9. Nickel allergy is a common culprit of contact dermatitis. If your skin is irritated where contact is made with bracelets, rings, earrings, or eyeglasses, it may be due to nickel content in the metal. Reactions to 24-karat gold or other metals used in fine jewelry (such as platinum or titanium) are rare. Trace amounts of nickel in detergent, nail polish, and makeup, or even in buttons and snaps, however, can cause an itchy rash at the site due to metal allergy.

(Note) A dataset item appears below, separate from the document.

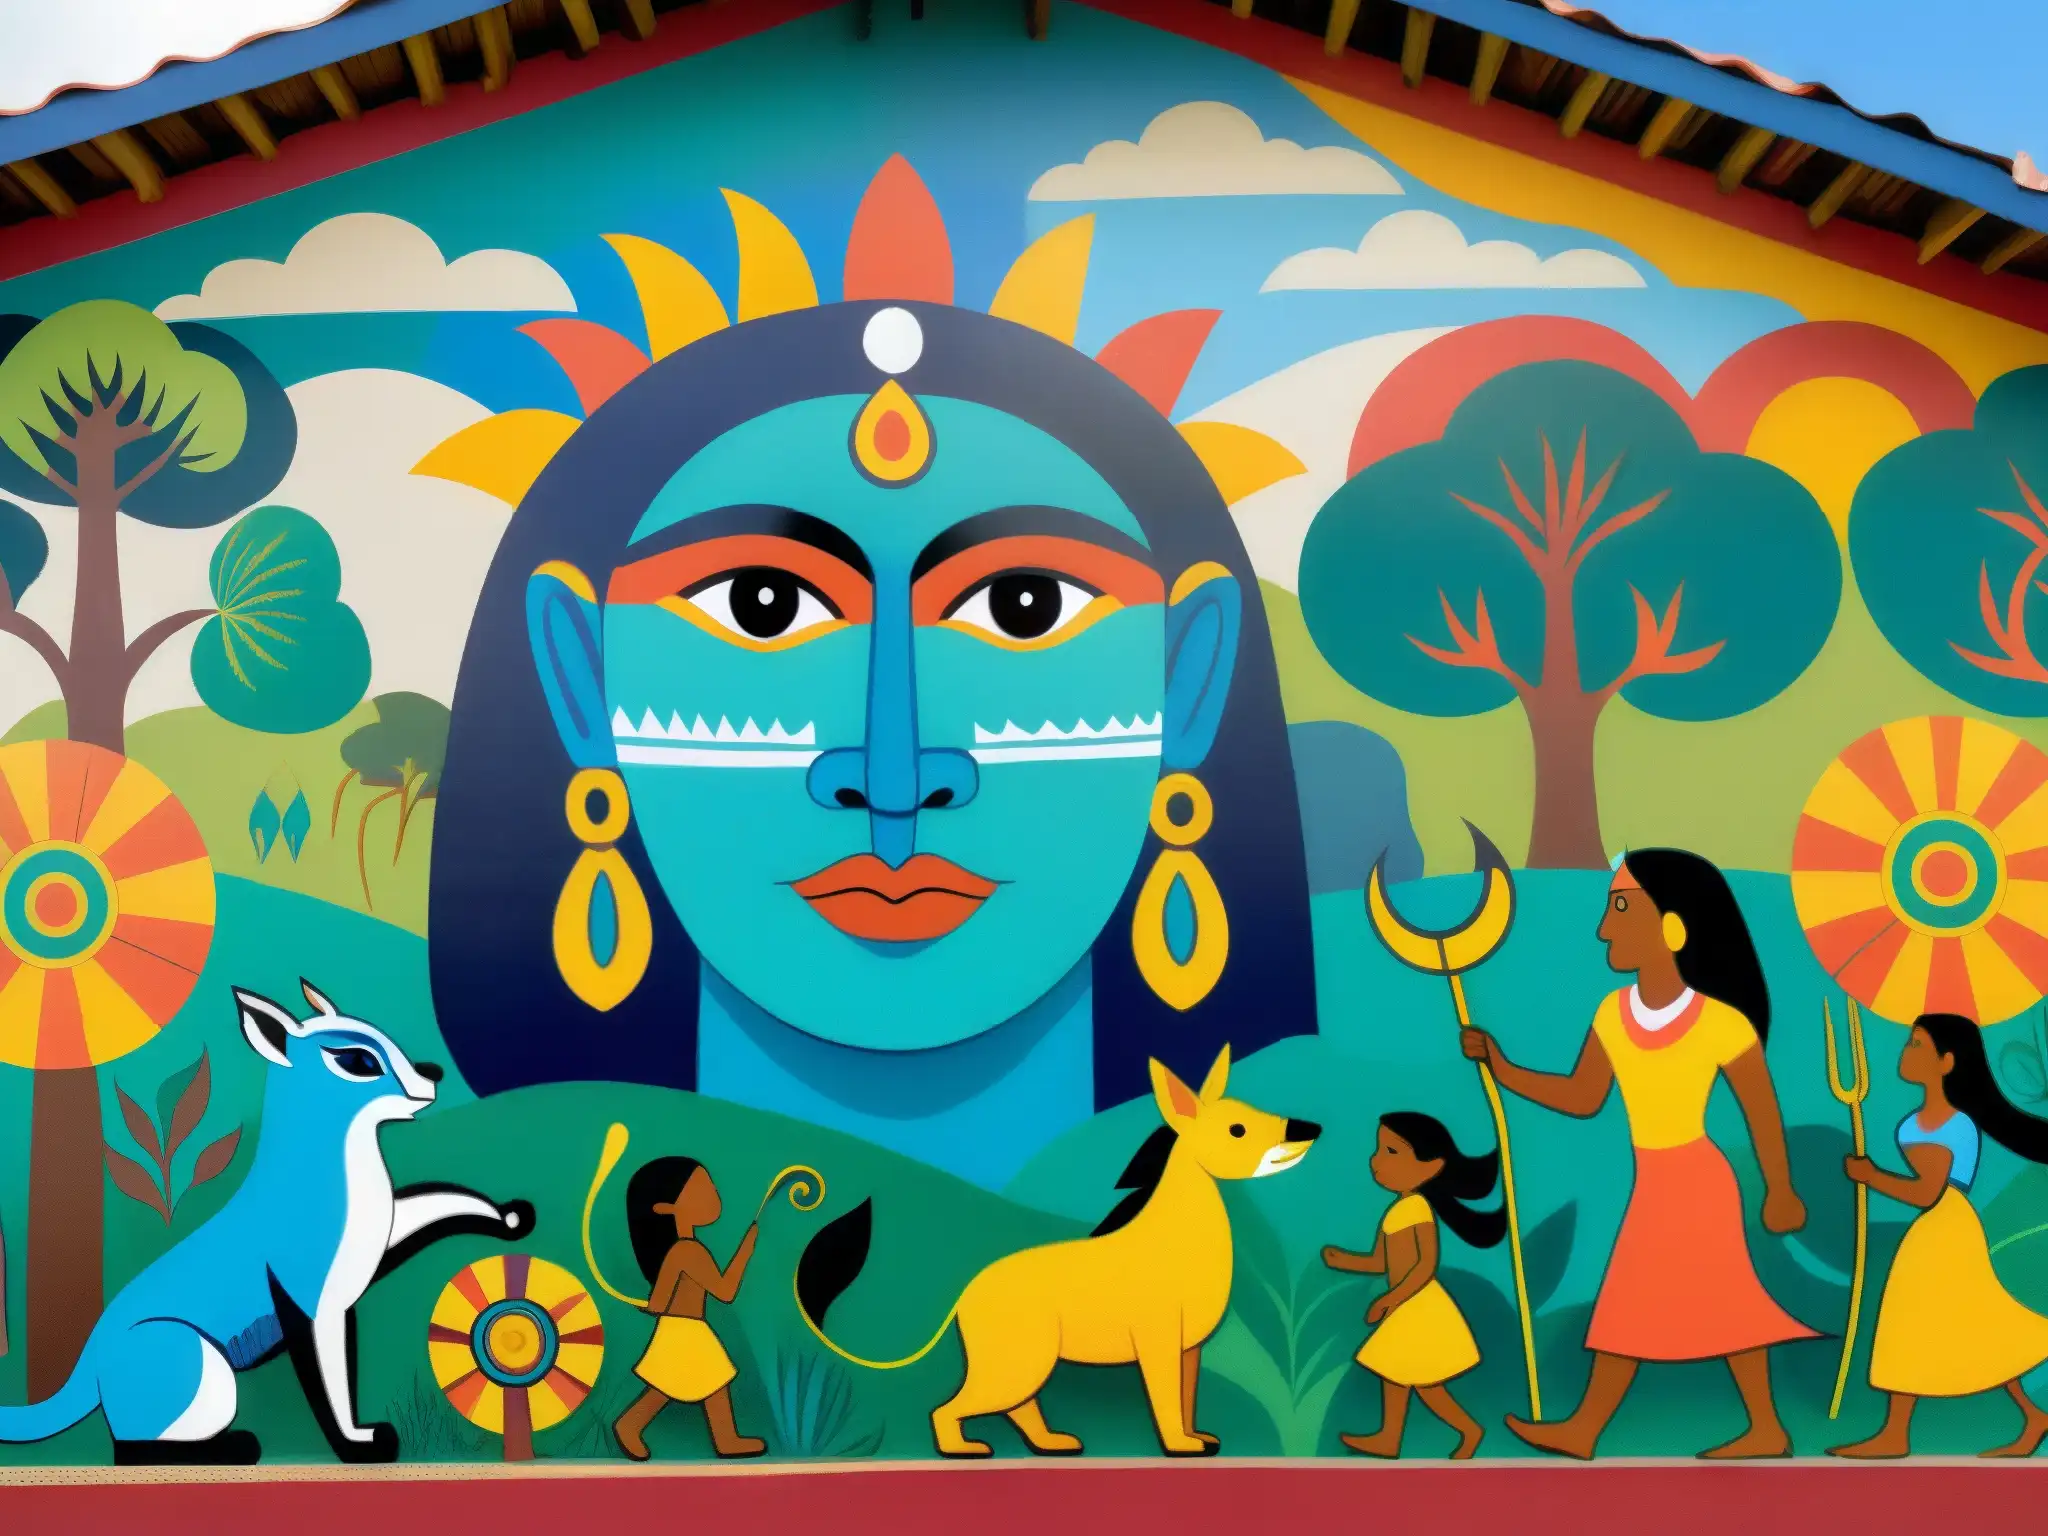 Colorido mural de la mitología guaraní, muestra la creación con dioses y criaturas míticas

10. The prevalence of allergies continues to increase. According to the American Academy of Allergy Asthma & Immunology, allergies of every kind—inhaled, ingested, contact, or otherwise—are steadily increasing in rate. Allergic diseases currently affect more than one in five Americans, making them the sixth leading cause of chronic disease in the U.S. If you have pollen or mold allergies, you can check daily counts in your area through the National Allergy Bureau.
"It's important to know what's causing a reaction," Dr. Chiu offers in conclusion. "Healthcare providers and allergy specialists can help identify the specific cause so that you can actually avoid what you're allergic to rather than simply treat symptoms with medication."